▶ [Task to complete]:
Could you give the data that follows again exactly, without its pictures?

▶ [Information supplied]:
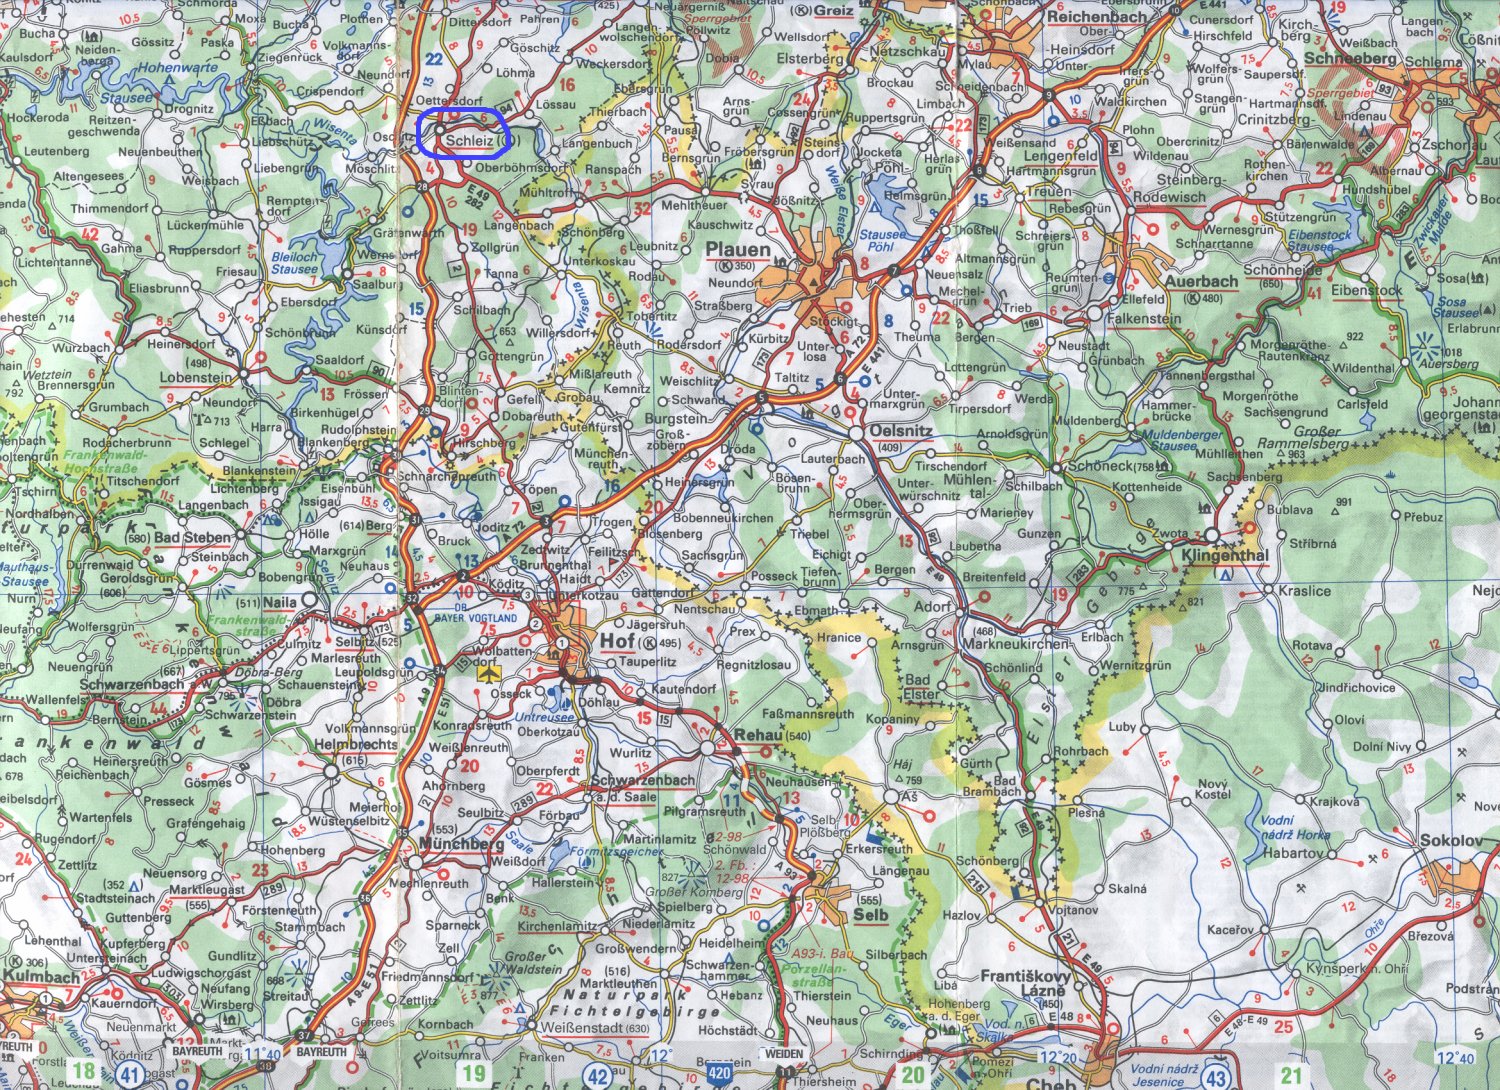 Guide to Bach Tour: Schleiz - Maps
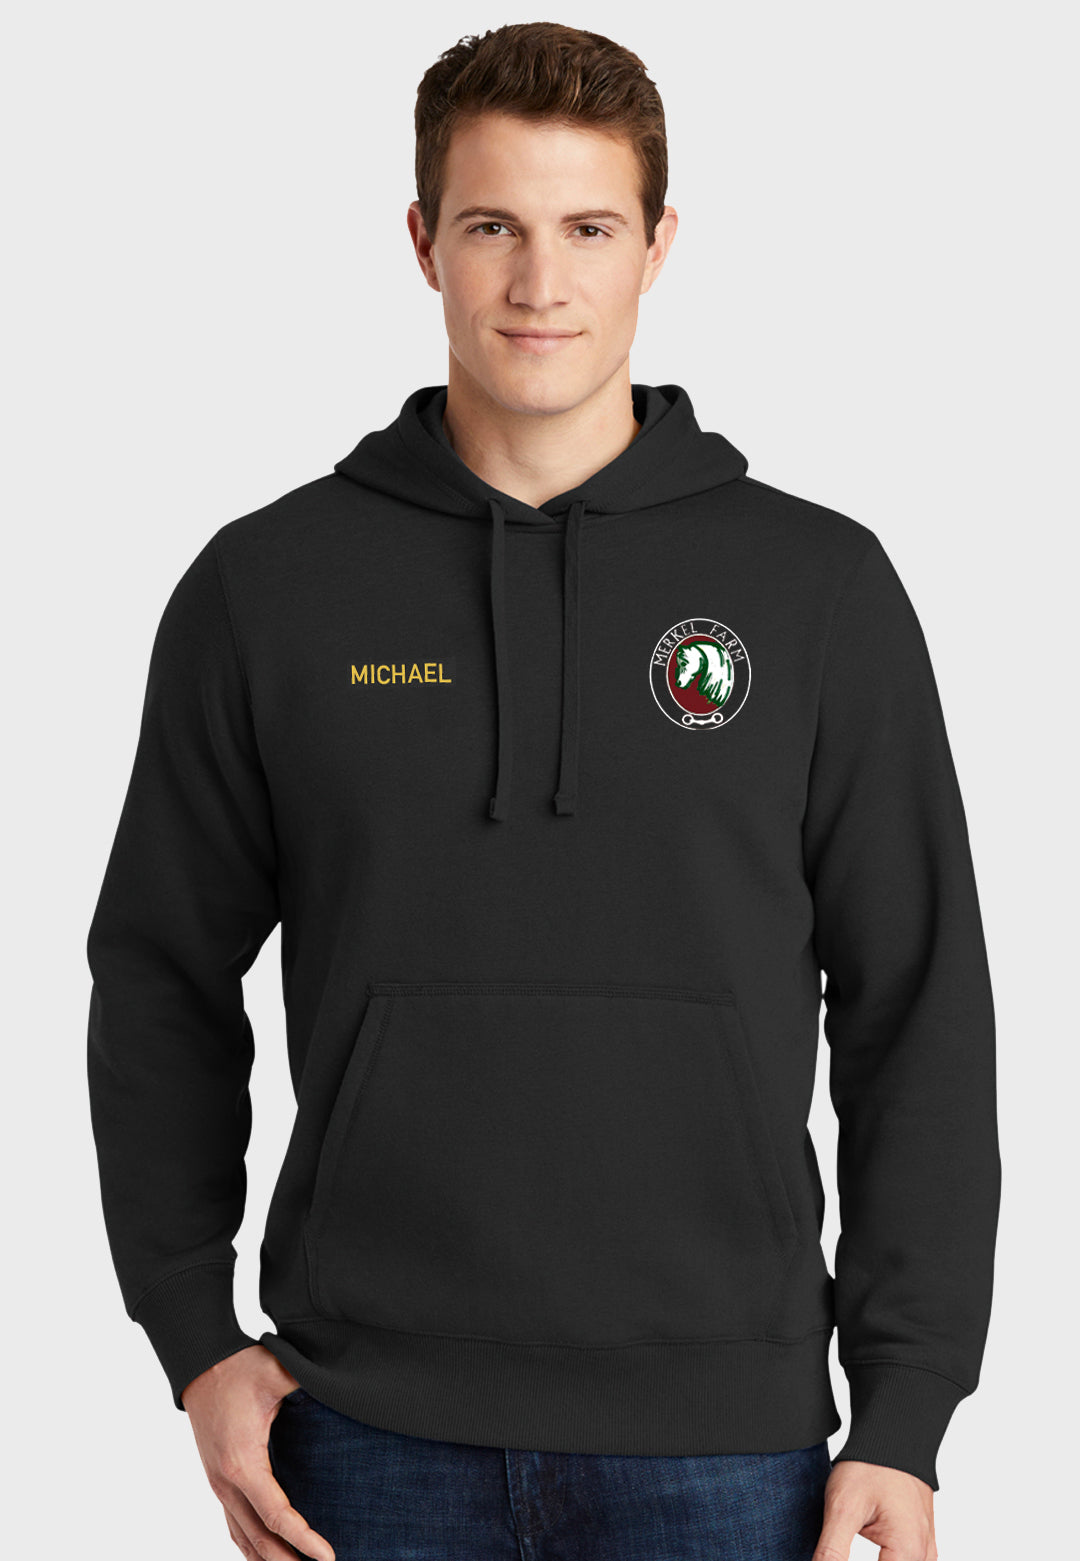 Merkel Farm Equestrian Center Sport-Tek®  Mens Hooded Sweatshirt - Black
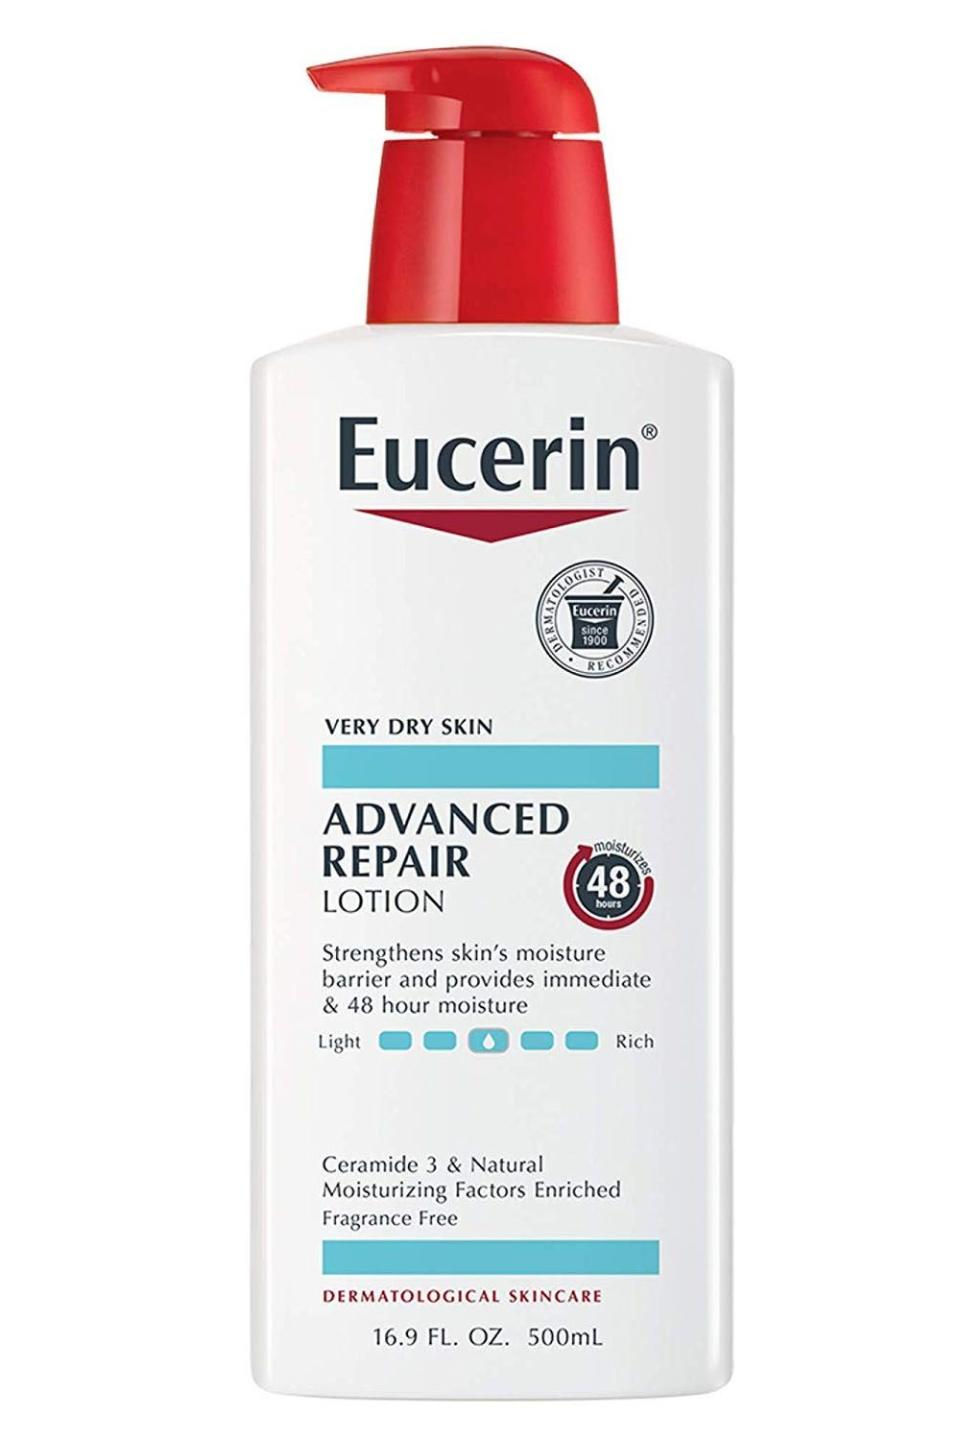 12) Eucerin Advanced Repair Lotion

▶ [Answer box]:
 Guide to Bach Tour: Schleiz - Maps
 Merkel Farm Equestrian Center Sport-Tek®  Mens Hooded Sweatshirt - Black
 12) Eucerin Advanced Repair Lotion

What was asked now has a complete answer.